The first American retrospective of internationally acclaimed South African artist William Kentridge opens at the New Museum of Contemporary Art on June 2, 2001 and remains on view through September 16, 2001. The exhibition includes eleven of Kentridge's animated films together with over 60 drawings, two new sculptural installations, and videotapes of theater and opera productions designed and scripted by the artist. Known for expressing the complex political and historical realities of his homeland, Kentridge's poetic and haunting work transcends the problems of South Africa to address the human condition in general.

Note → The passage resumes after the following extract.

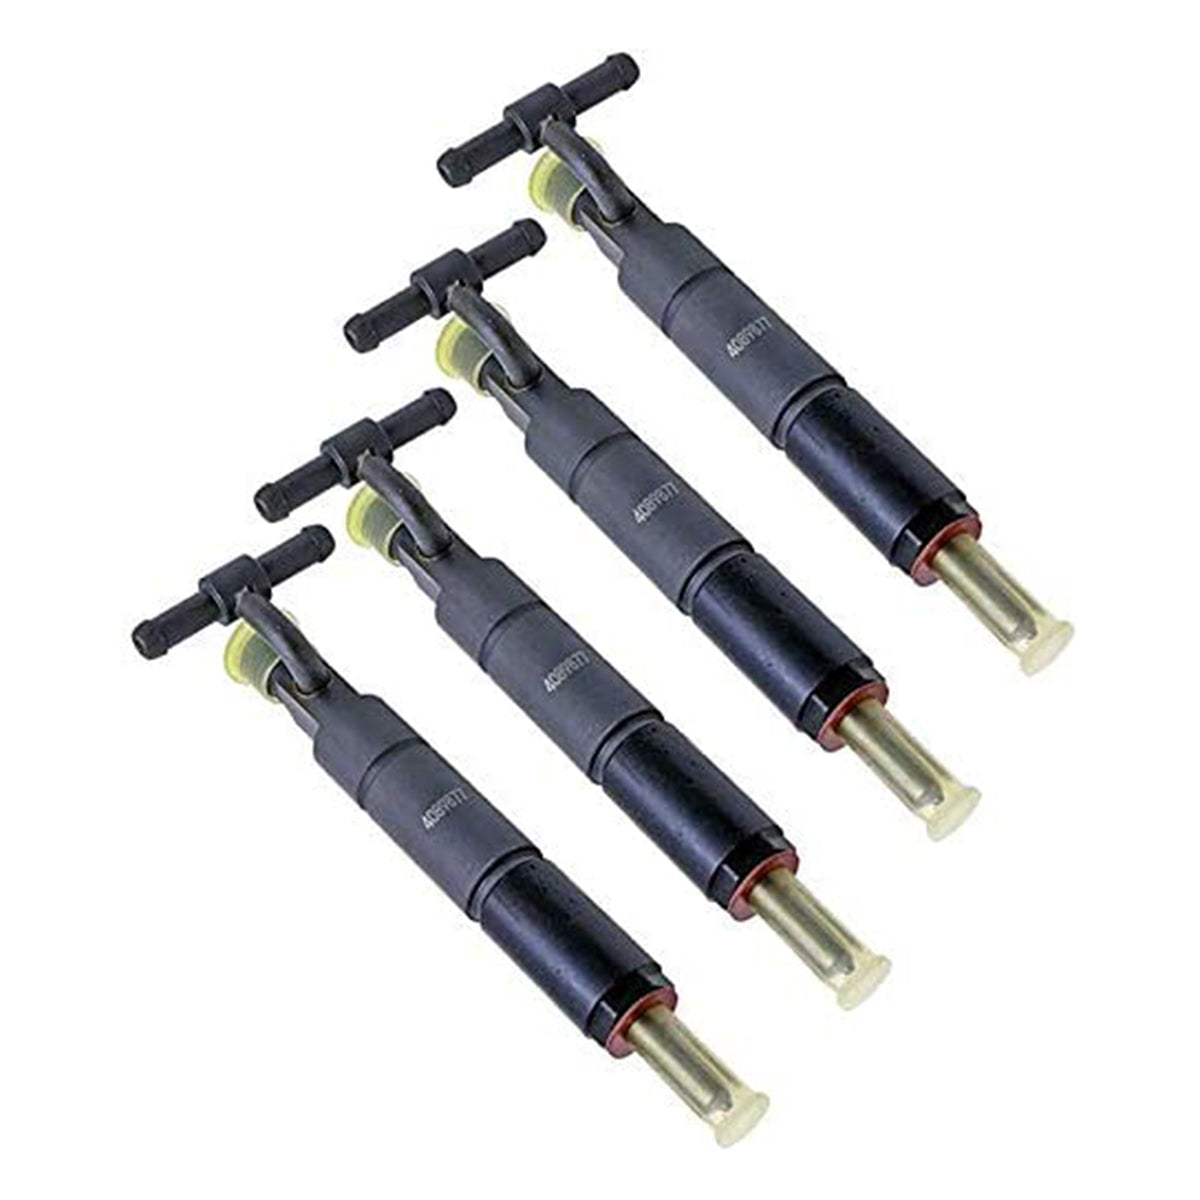 Fuel Injector 4089877 for Cummins B3.3, Fuel Injector for Cummins B3.3, Daysyore Fuel Injector, Car Fuel Injector, Auto Fuel Injector

Co-organized by the New Museum of Contemporary Art and the Museum of Contemporary Art, Chicago, William Kentridge will travel across the United States over the next 18 months, concluding in the artist's native South Africa in 2003. Philip Morris Companies is the sponsor of the national and international tours of William Kentridge.

At the core of the exhibition are Kentridge's animated films including Johannesburg, 2nd Greatest City After Paris (1989), WEIGHING...and WANTING (1997-97), and Stereoscope (1999). Based on vigorous black-and-white charcoal drawings frequently enhanced by strokes of red or blue pastel, Kentridge's short animations are an ongoing narrative featuring the pin-stripe-suited, factory-owner Soho Eckstein whose guilt-laden memory characterizes one aspect of contemporary South Africa and his alter ego, Felix Teitlebaum, a thoughtful artist who competes for the attentions of Soho's wife. The characters navigate a hypnotic vortex of civil strife, social inequity, and industrial pillage. Images of tenderness alternate with violence and fantasy as Soho and Felix explore the interrelation of identity, memory, guilt, and forgiveness against the backdrop of a decimated landscape.

Each film, which varies in length from three to eight minutes, vividly illustrates the process and complexity of drawing. The artist develops each sequence by photographing hundreds of modifications, additions, and erasures to a single drawing. Throughout the exhibition, substantive groupings of Kentridge's drawings for projection are presented with corresponding films.

Kentridge's theater projects, which are shown as video excerpts, include Faustus in Africa (1995), a version of Johann Wolfgang Von Goethe's celebrated story; Il Ritorno d'Ulisse (1998), an adaptation of Claudio Monteverdi's 1641 opera based on Homer's epic; and Ubu and the Truth Commission (1997) in which Alfred Jarry's satire about a ridiculous but deadly despot signifies the South African process of reconciling the legacy of apartheid.

The artist's most recent work is represented by Medicine Chest (2001), a sculptural installation that funnels film images though a mirrored medicine chest. Created especially for the exhibition, the installation underscores the theatricality of his imagery and exemplifies the interdisciplinary fusion unique to Kentridge's work.